0.17 has been mostly complete for a while, but release has been slowed by some minor but prominent bugs being hard to nail down.
In the meantime, work on the next few releases has been carrying on regardless. Here is a short list based on approximate order of release:
Topology options - imminent
Why play on a normal flat bounded plane when you could play on a Klein bottle? I plan on writing a longer post explaining this in detail very soon, but for now I’ll leave this as a teaser.
Dark mode - soon
Fairly self explanatory. As well as being able to choose light or dark, you’ll be able to choose auto for supported devices (iOS 13 and Android 10).
Automatically discovered game modes - soon
Since fairness calculations based on game simulations have been improved, I can now see which game modes are fairer than others. At the moment the results are only based on game modes people have actually tried though. To improve the situation I plan to do a few things. First is to run the simulation more for modes that look promising - simulations with a few runs are unlikely to be accurate. More interesting is to take the promising modes and mutate them - change one of the properties slightly - and then simulate that. This essentially becomes a simple genetic algorithm for finding fairer games.
Player rating - early investigation
This will become a key part of any online multiplayer, but I plan to have it working offline too.
It is likely to be Elo based, but with modifications to deal with requirements that most games don’t have. First is multiplayer. I won’t be the first to deal with this using an Elo-like system, and there are a few ways to handle it that all seem reasonable. The other big requirement is inherently unfair games, and my research on this topic has found no existing material on this.

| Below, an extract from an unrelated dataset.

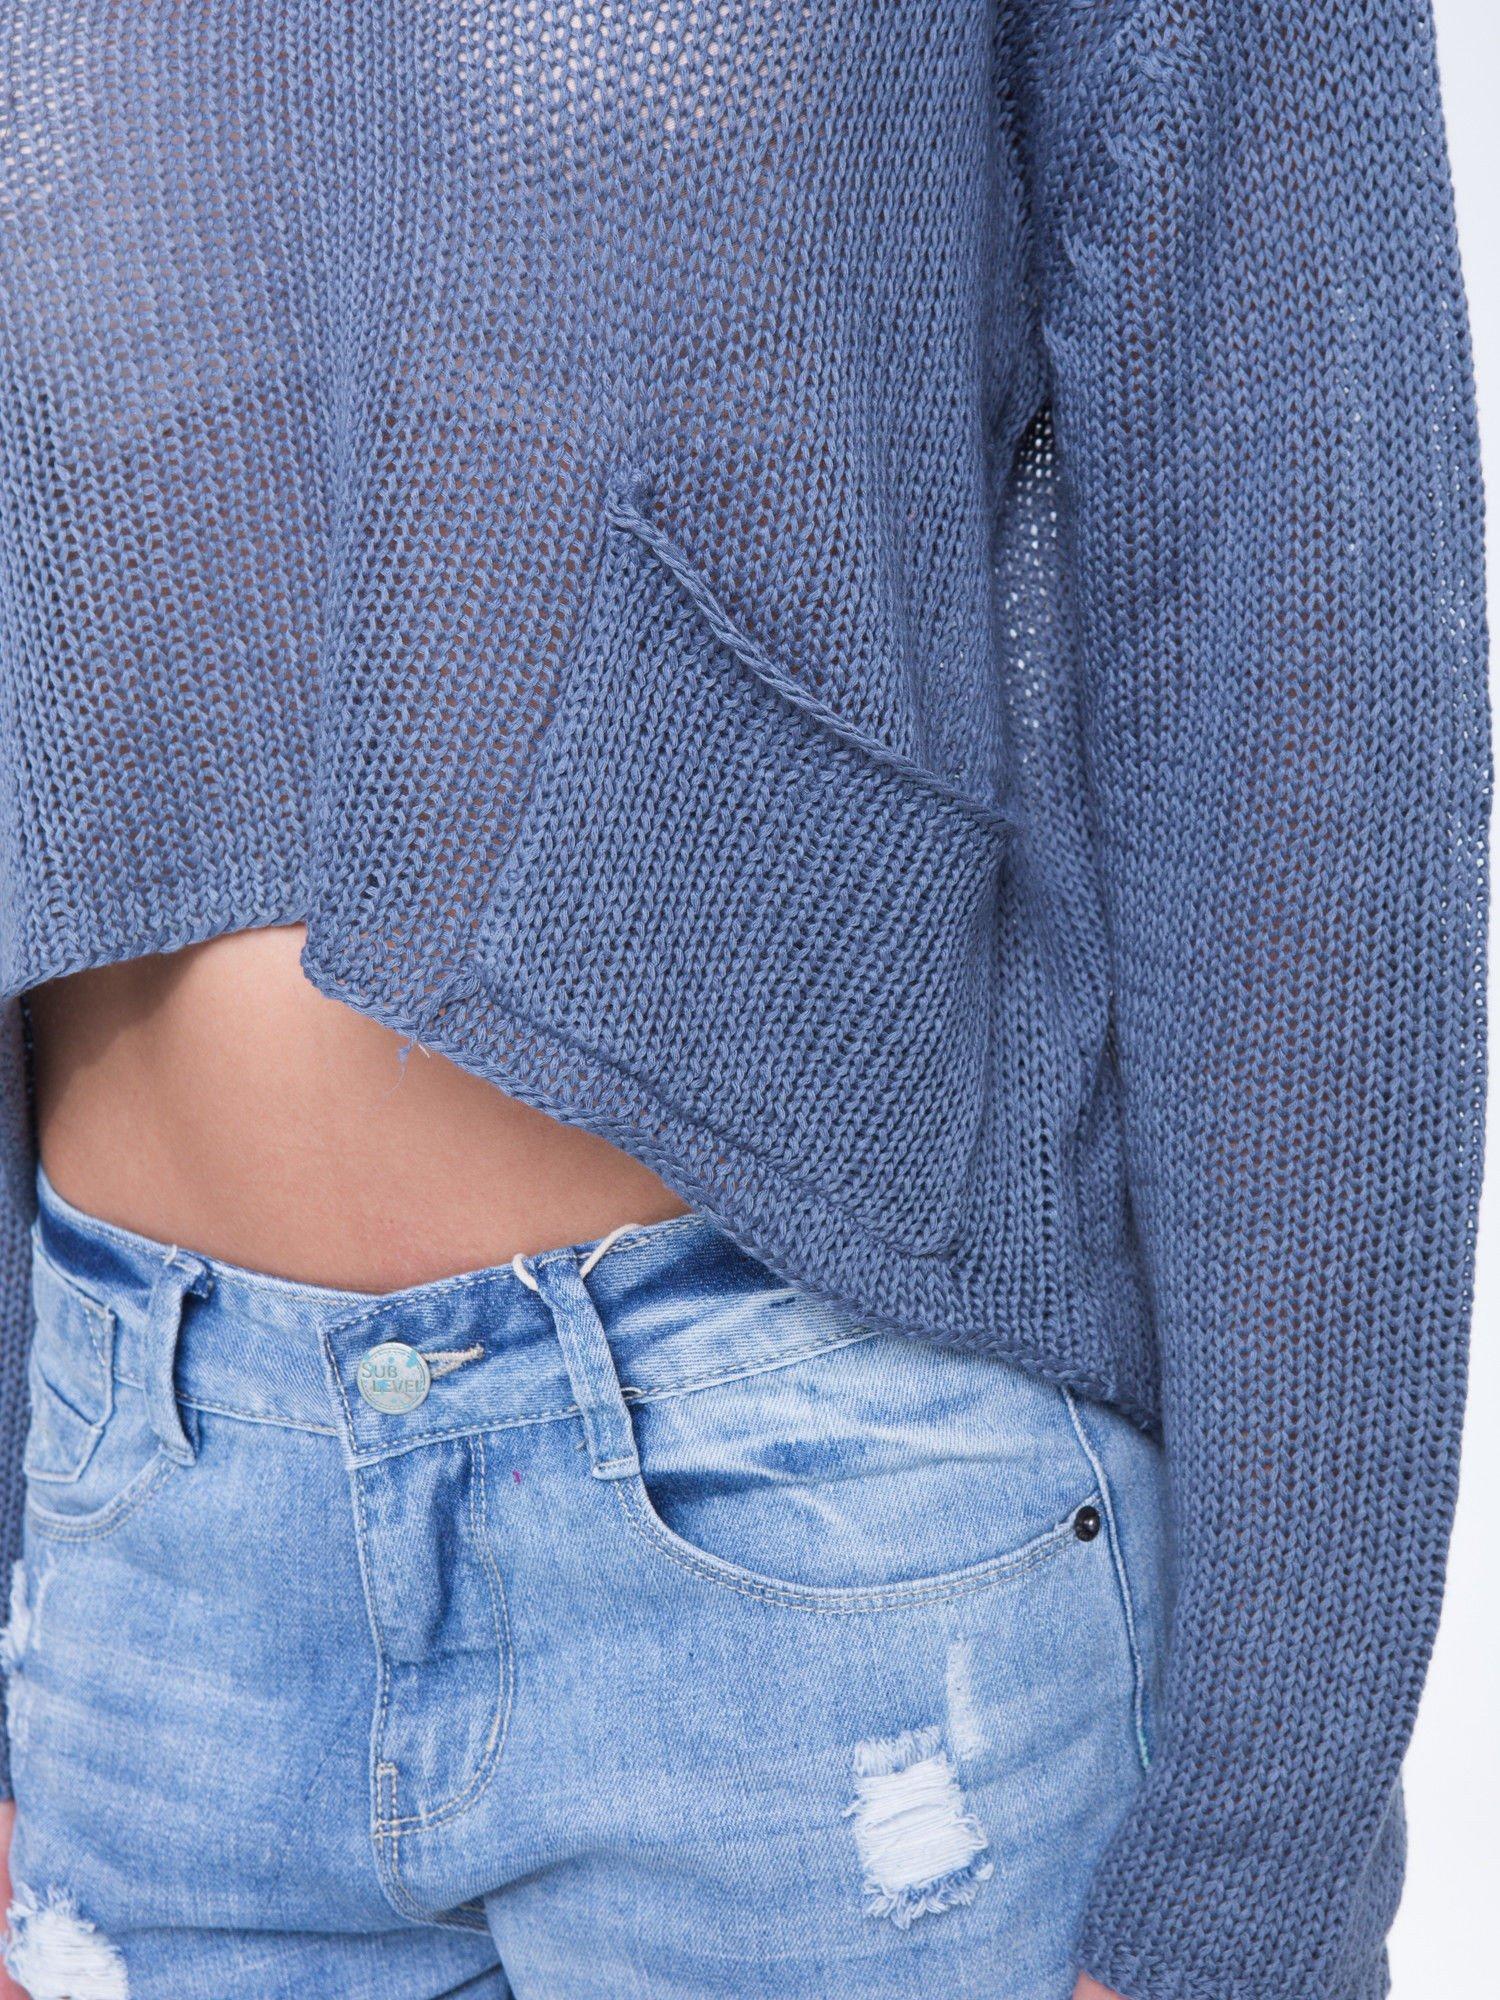 Niebieski siatkowy sweter typu crop top                                  zdj.                                  5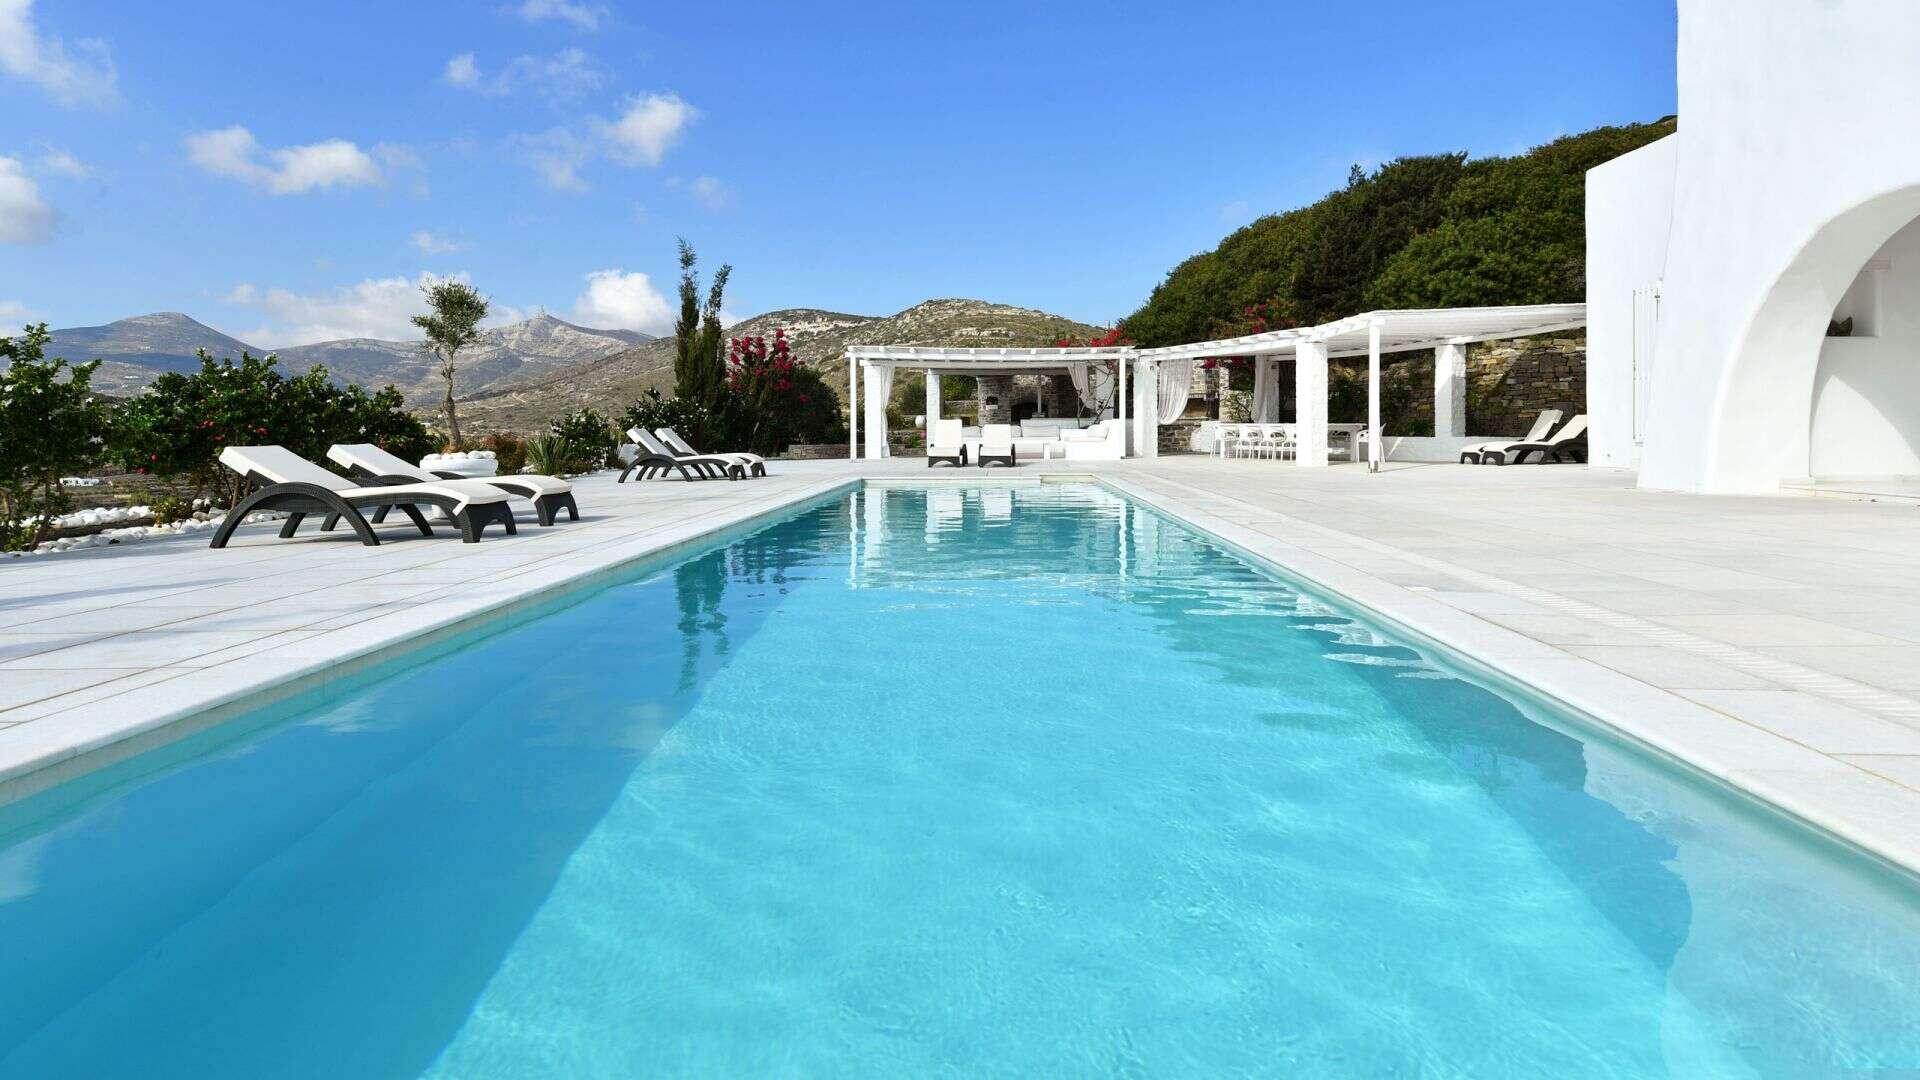 Luxury vacation rentals europe - Greece - Par os - Kostos area - La Luna - Image 1/24

Most games are designed to give each player an equal chance of winning, or at least as close as possible. And, for games played seriously like chess, a single match involves playing several games in which the advantage alternates between players so the match as a whole is considered fair.
Tic-tac-toe Collection has mostly unfair games. But, they are at least quantifiably unfair. This means I should be able to take that into account as part of a rating system. Early investigations are promising.
AI options - early investigation
At the moment the only difference between the difficulties is how long the AI searches for. There are a couple of other parameters however. There is one for changing the bias between promising moves and unexplored moves, as well as one for how ties are scored compared to wins and losses. My plan is to expand this into different AI profiles that could vary these parameters more. Combined with allowing them to get ratings just like normal players this means the better parameters would actually be discovered over time.